What is expected: The listing below holds a line with "little girl hug" and a later line with "Vintage Kong Olav jubileumsmedalje". Write out those two lines and every line between them, exactly, and nothing else.

Provided data:
● ● ● ● ●

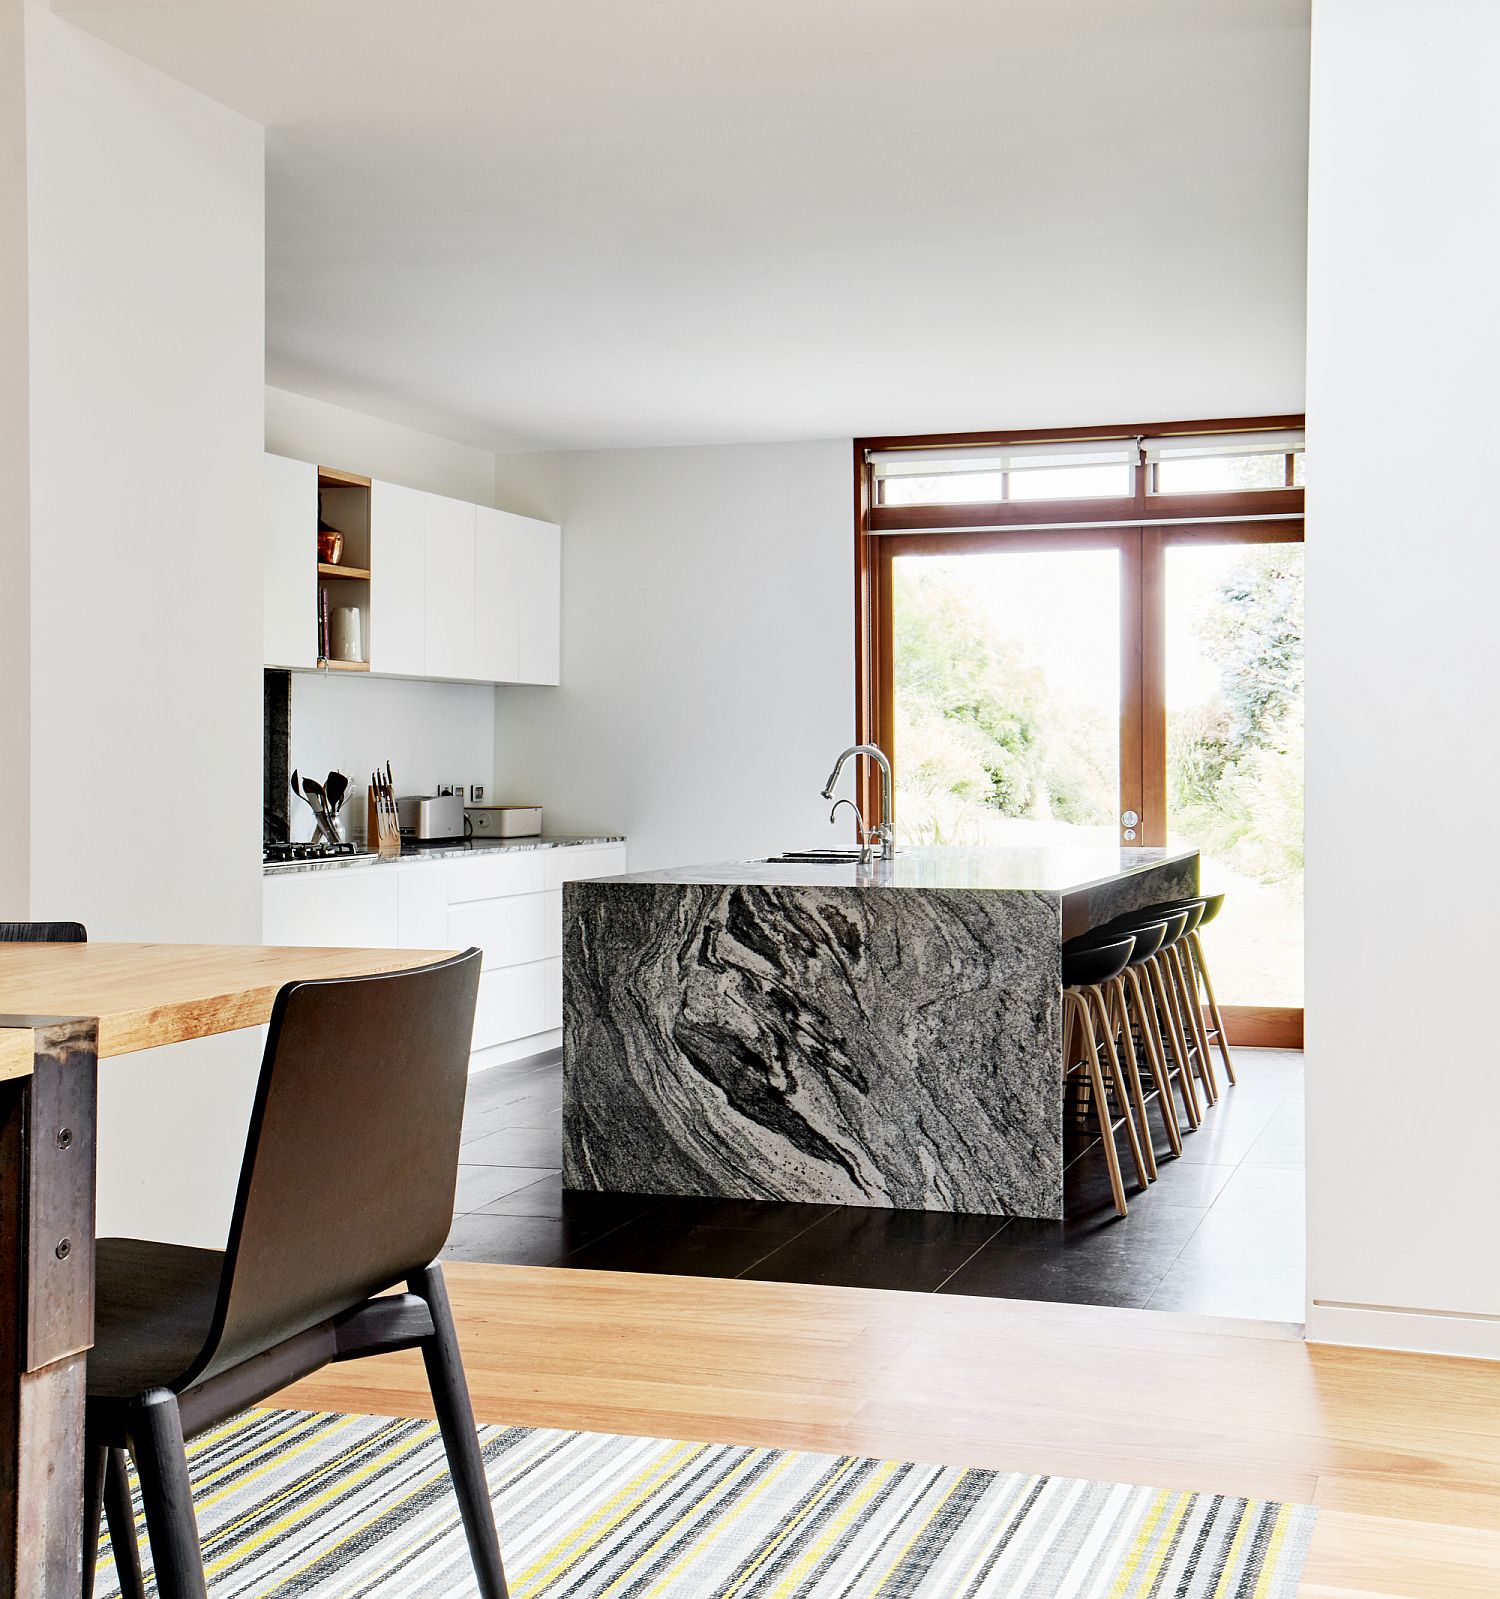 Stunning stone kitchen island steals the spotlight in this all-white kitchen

● ● ● ● ●

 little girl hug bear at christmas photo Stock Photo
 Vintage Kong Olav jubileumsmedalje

● ● ● ● ●

Completed task:
 little girl hug bear at christmas photo Stock Photo
 Vintage Kong Olav jubileumsmedalje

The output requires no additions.